Denis Seznec a d'abord choisi de vivre. Il a aimé, travaillé, voyagé. Ouvrier typographe, il devient ­ un signe encore? ­ réviseur au Journal officiel. Il a milité, gauchiste en 68, puis à la CGT du Livre, le coeur à jamais à gauche, «parce que les gens de gauche mettent la justice avant l'ordre». Il a retapé un bel atelier dans le IXe arrondissement, pour oublier les HLM. Il a aussi beaucoup voyagé, «90 pays, à fond», pour s'évader quand l'affaire devenait une obsession. Paris-Katmandou en 2 CV, et Cayenne, douze fois. Il a cherché un sens à son «destin maléfique», attentif aux signes, en bon Breton agnostique mais superstitieux. La lettre de sa grand-mère à Gaston Doumergue, président de la République, n'était-elle pas prophétique: «Ce sera un enfant de mes enfants qui fera reconnaître l'injustice...» Avec Martine, sa femme bruxelloise, il voulait un enfant, qui n'est jamais venu. Il a parlé, jusqu'à devenir volubile, sans jamais s'allonger sur un divan, «il y aurait trop à faire». Il a écrit, surtout, pour conjurer le silence. Nous les Seznec, best-seller sans cesse retiré, et le millier de conférences qui ont suivi ont définitivement réhabilité Guillaume dans l'opinion française, longtemps aussi divisée sur Seznec que sur Dreyfus. Reste la Justice, muette depuis soixante-quatorze ans, incapable de reconnaître une erreur. Elle ne s'est vraiment réveillée qu'avec Marylise Lebranchu, une Bretonne de Morlaix, qui vient de déposer une requête en révision du procès. Ce serait une question de mois. «Ce jour-là, dit Denis, j'aurai une auréole, je ne trouve pas d'autre mot. Et je serai délivré.
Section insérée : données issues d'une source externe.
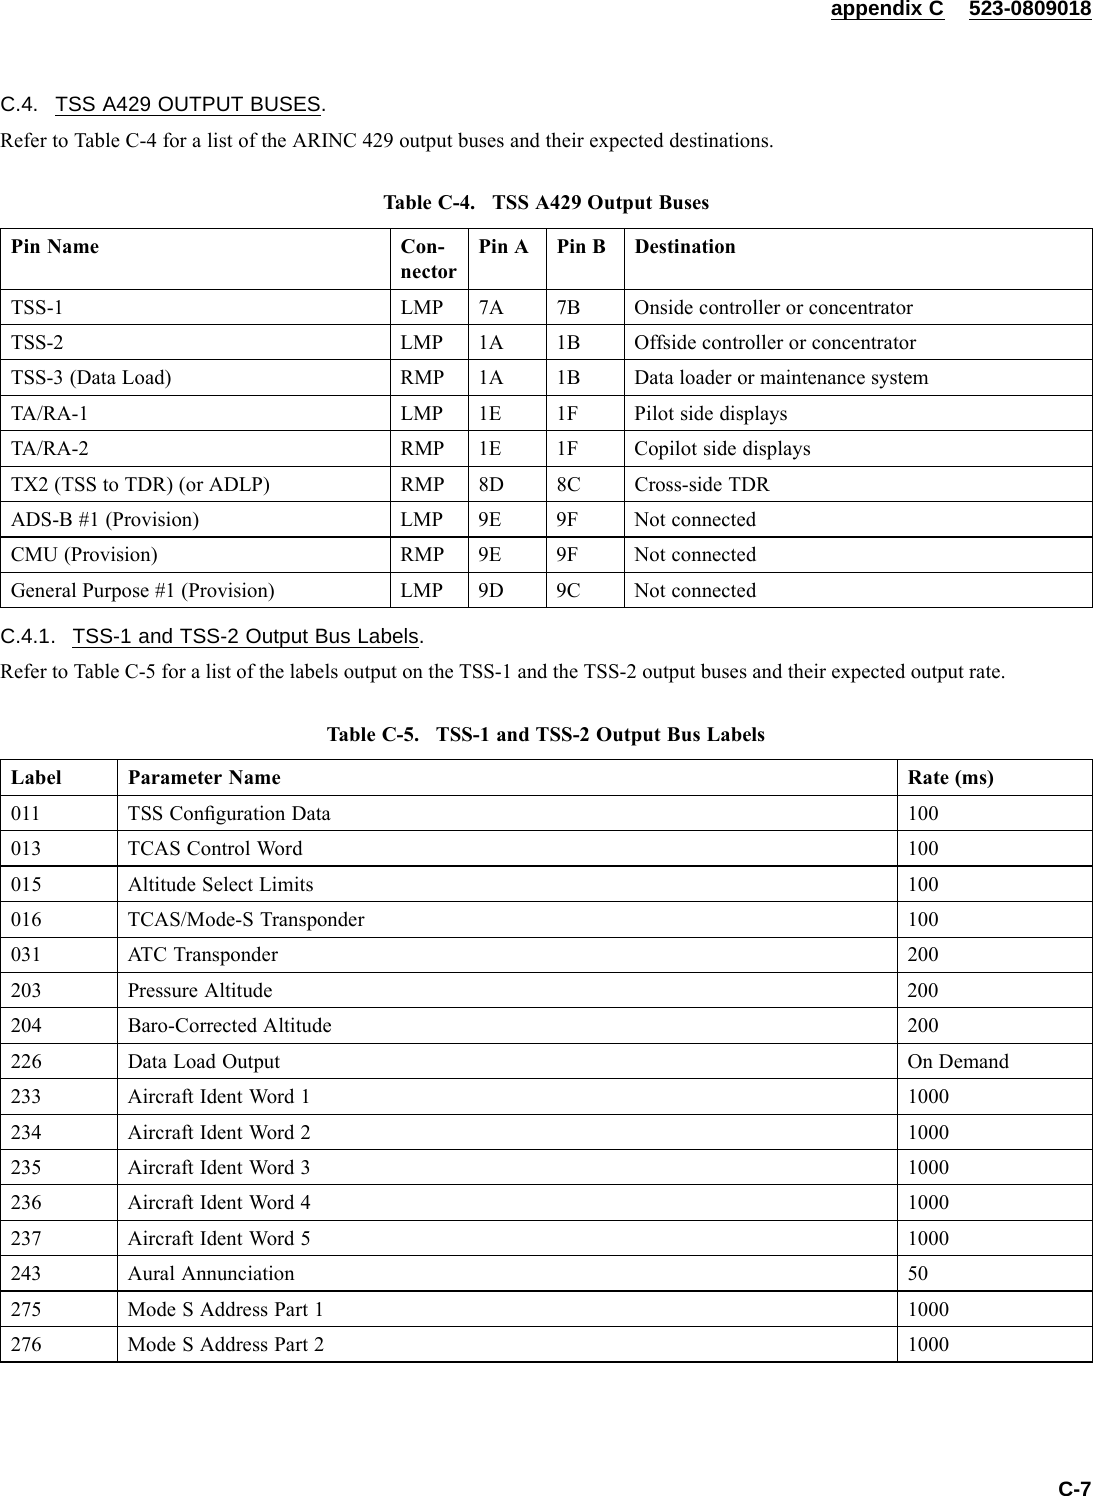 appendix C 523-0809018C.4. TSS A429 OUTPUT BUSES.Refer to Table C-4 for a list of the ARINC 429 output buses and their expected destinations.Table C-4. TSS A429 Output BusesPin Name Con-nectorPin A Pin B DestinationTSS-1 LMP 7A 7B Onside controller or concentratorTSS-2 LMP 1A 1B Offside controller or concentratorTSS-3 (Data Load) RMP 1A 1B Data loader or maintenance systemTA/RA-1 LMP 1E 1F Pilot side displaysTA/RA-2 RMP 1E 1F Copilot side displaysTX2 (TSS to TDR) (or ADLP) RMP 8D 8C Cross-side TDRADS-B #1 (Provision) LMP 9E 9F Not connectedCMU (Provision) RMP 9E 9F Not connectedGeneral Purpose #1 (Provision) LMP 9D 9C Not connectedC.4.1. TSS-1 and TSS-2 Output Bus Labels.Refer to Table C-5 for a list of the labels output on the TSS-1 and the TSS-2 output buses and their expected output rate.Table C-5. TSS-1 and TSS-2 Output Bus LabelsLabel Parameter Name Rate (ms)011 TSS Conﬁguration Data 100013 TCAS Control Word 100015 Altitude Select Limits 100016 TCAS/Mode-S Transponder 100031 ATC Transponder 200203 Pressure Altitude 200204 Baro-Corrected Altitude 200226 Data Load Output On Demand233 Aircraft Ident Word 1 1000234 Aircraft Ident Word 2 1000235 Aircraft Ident Word 3 1000236 Aircraft Ident Word 4 1000237 Aircraft Ident Word 5 1000243 Aural Annunciation 50275 Mode S Address Part 1 1000276 Mode S Address Part 2 1000C-7

Cela fait si longtemps que je dois être exemplaire...» Il signe ses livres Denis Seznec (1). Mais chez lui, il y a les deux noms sous la sonnette. Par fidélité à son frère aîné, «un vrai Le Her, lui». Bernard s'est suicidé en 1996, miné par «tout ça», rattrapé par le silence. Enfant, c'était pourtant le plus bavard des deux.
photo CATHERINE ROUZIÈS
(1) Seznec, le bagne, éditions Robert Laffont.
Denis Seznec en 8 dates.
4 novembre 1924: Condamnation de Guillaume Seznec aux travaux forcés à perpétuité pour le meurtre du conseiller général Quémeneur.
1934: Première demande de révision du procès, six jurés déclarent regretter leur verdict.
1er juillet 1947: Retour de Guillaume Seznec.
26 décembre 1947: Naissance de Denis Seznec.
1992: Parution de «Nous, les Seznec» chez Robert Laffont.
26 juin 1996: La commission de révision rejette la demande déposée par Denis Seznec.
14 décembre 1998: Nouvelle demande de révision.
30 mars 2000: Marylise Lebranchu dépose une requête en révision du procès Seznec.